As the day began, people across the country—in post offices, on their phones, at their computers—would make the same calculation Maria Angélica had made. They would weigh the possibility of finally closing a chapter that had stayed open far too long. Whether they succeeded would depend partly on luck, partly on persistence, and partly on whether the system that had locked them out could, for one day at least, be persuaded to let them back in.
Citações Notáveis
I took out a loan at a store and have been carrying a debt of nearly four thousand reals for more than three years. I've tried to pay, but they won't lower it, and it's already on my Serasa record. The conditions they offer, I can't afford them—I'm retired. This news is very good. Tomorrow I'm going to the post office early to try to negotiate.— Maria Angélica Santos, 69-year-old retiree
A Conversa do Hearth Outra perspectiva sobre a história
Why does a single day matter? Couldn't people negotiate their debts any other day?
They could, technically. But Serasa brought together sixteen hundred creditors all offering their best terms on the same day. That coordination is rare. Most days, a person calls a bank and hears no. On Tuesday, they hear yes from multiple companies at once.
The ninety-nine percent discount sounds almost too good to be true. What's the catch?
There isn't really one, except that you have to act. The creditor gets something—even a small payment is better than nothing on a blacklisted debt. The debtor gets their name cleared and a fresh start. Both sides win, but only if the debtor shows up.

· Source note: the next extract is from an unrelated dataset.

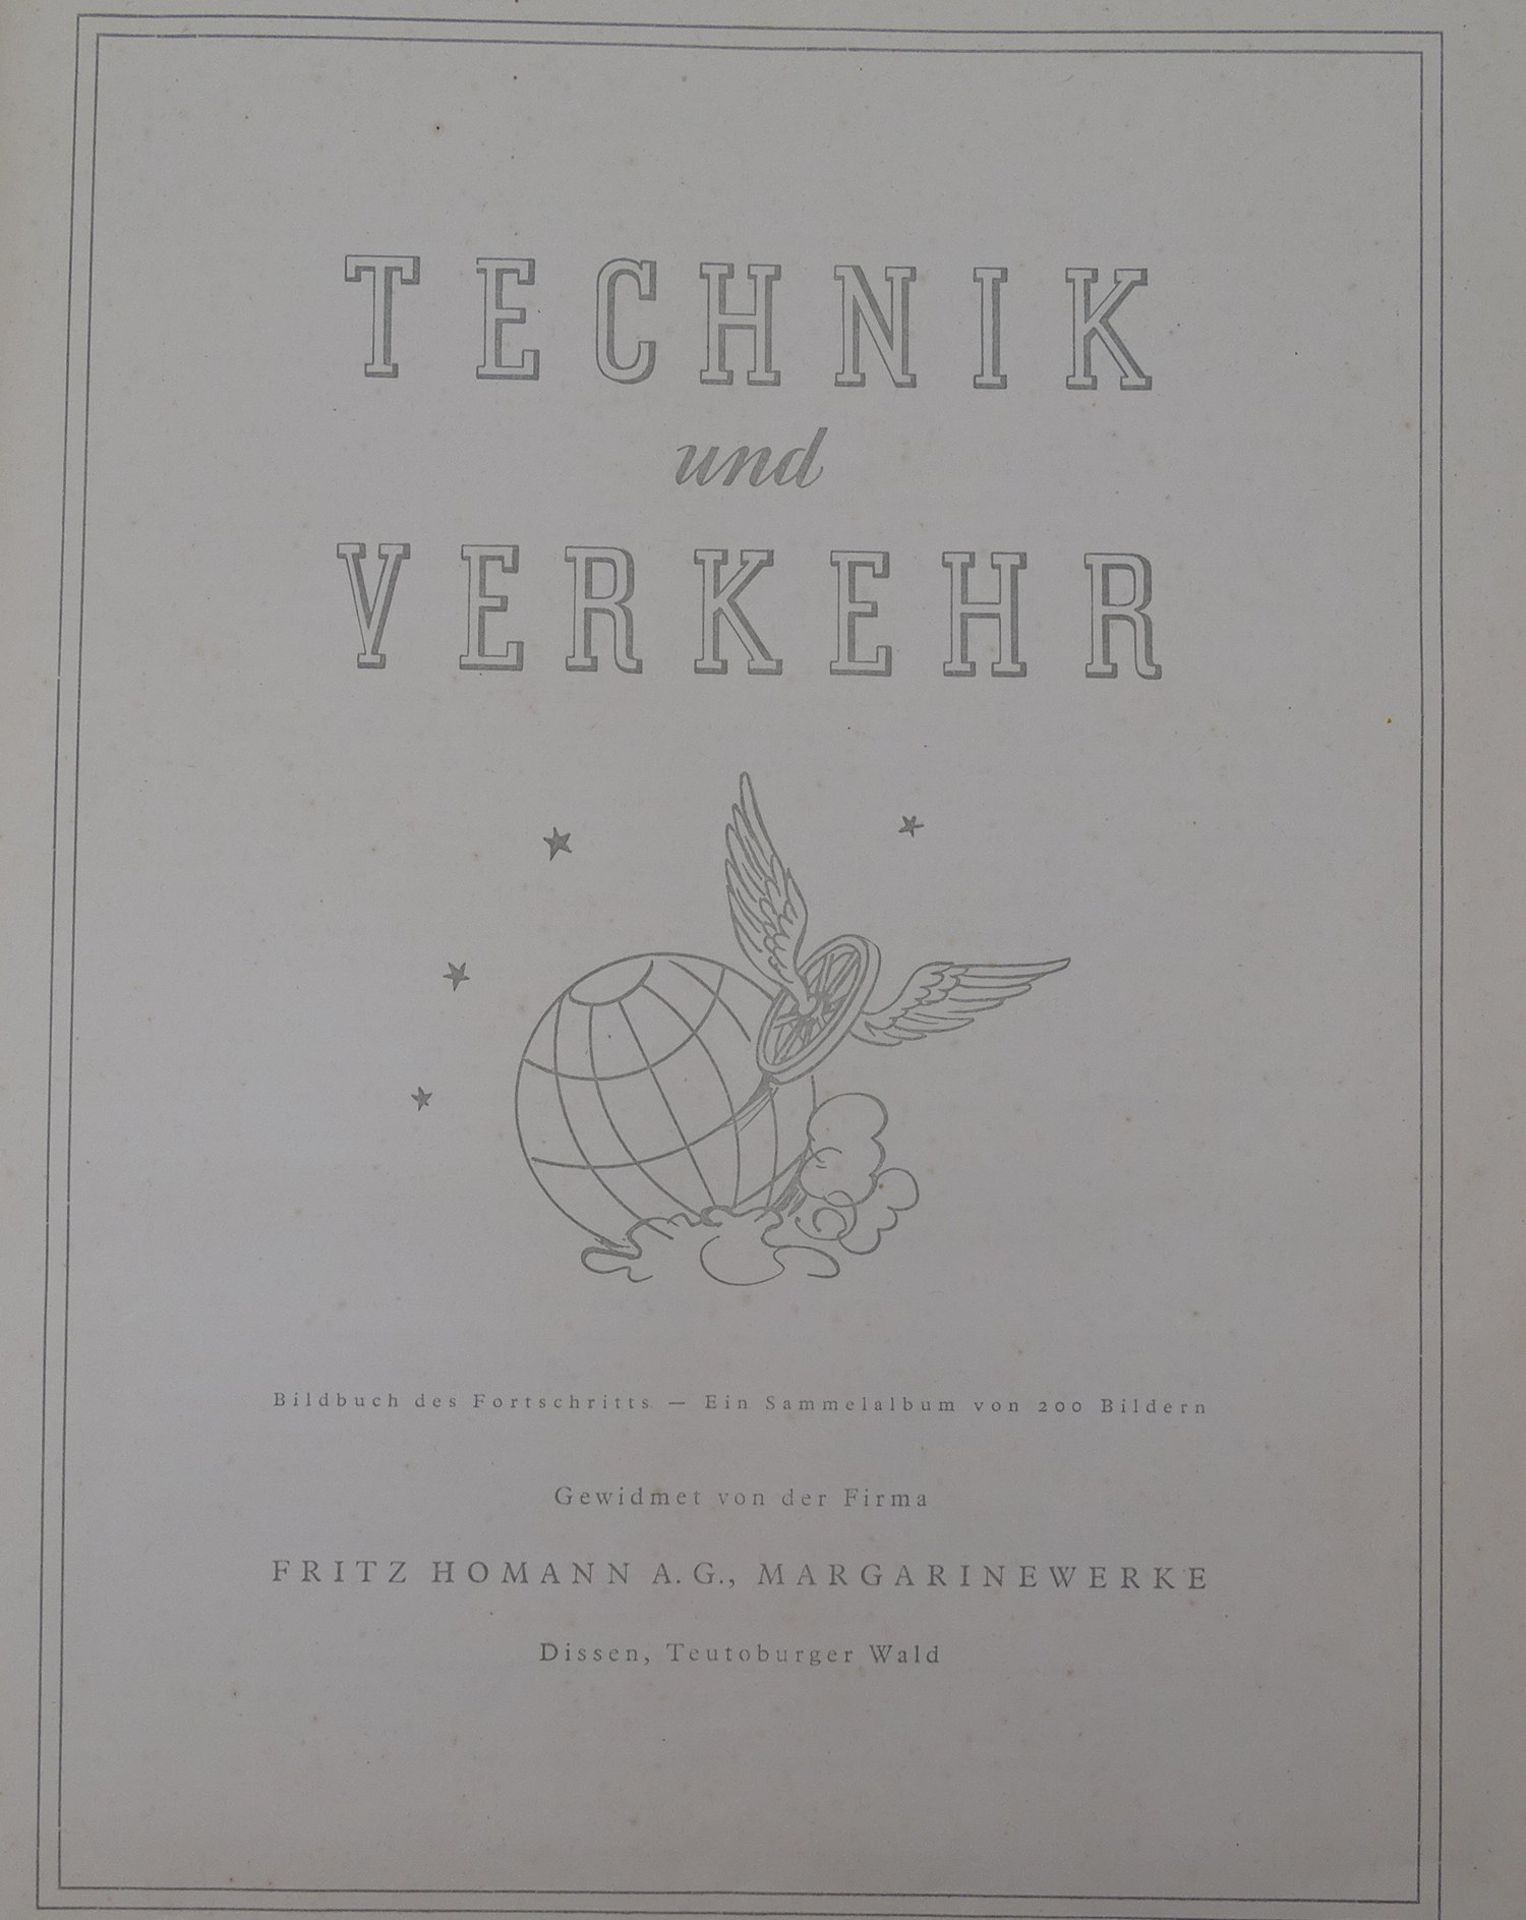 Sammelbilder Album Technik und Verkehr 1876 - 1951 - Bild 2 aus 5

Maria Angélica waited three years. Why didn't she try to negotiate before?
Because before, there was no reason for the creditor to negotiate. She was already blacklisted. They could wait forever and still collect nothing. Serasa created the incentive by making this a coordinated push—a moment when settling became worth more than holding out.
The seven point nine percent growth year-over-year—does that suggest the problem is getting worse?
It suggests both things at once. More people are in debt, yes. But more people are also finding ways out. The growth in settlements might actually be a sign that the system is learning to heal itself, even if imperfectly.
What happens to someone like Maria Angélica after Tuesday if she successfully negotiates?
Her name comes off the blacklist. She can apply for credit again. She can rent an apartment without the landlord running her name and seeing red flags. She becomes, in the eyes of the financial system, a person again instead of a problem.
Is this sustainable? Can Serasa keep doing this?
That's the real question. This works as long as creditors believe they'll recover more money through negotiation than through waiting. If the economy worsens and people can't pay even the discounted amounts, the whole model breaks. For now, it's working. Whether it lasts depends on what happens next.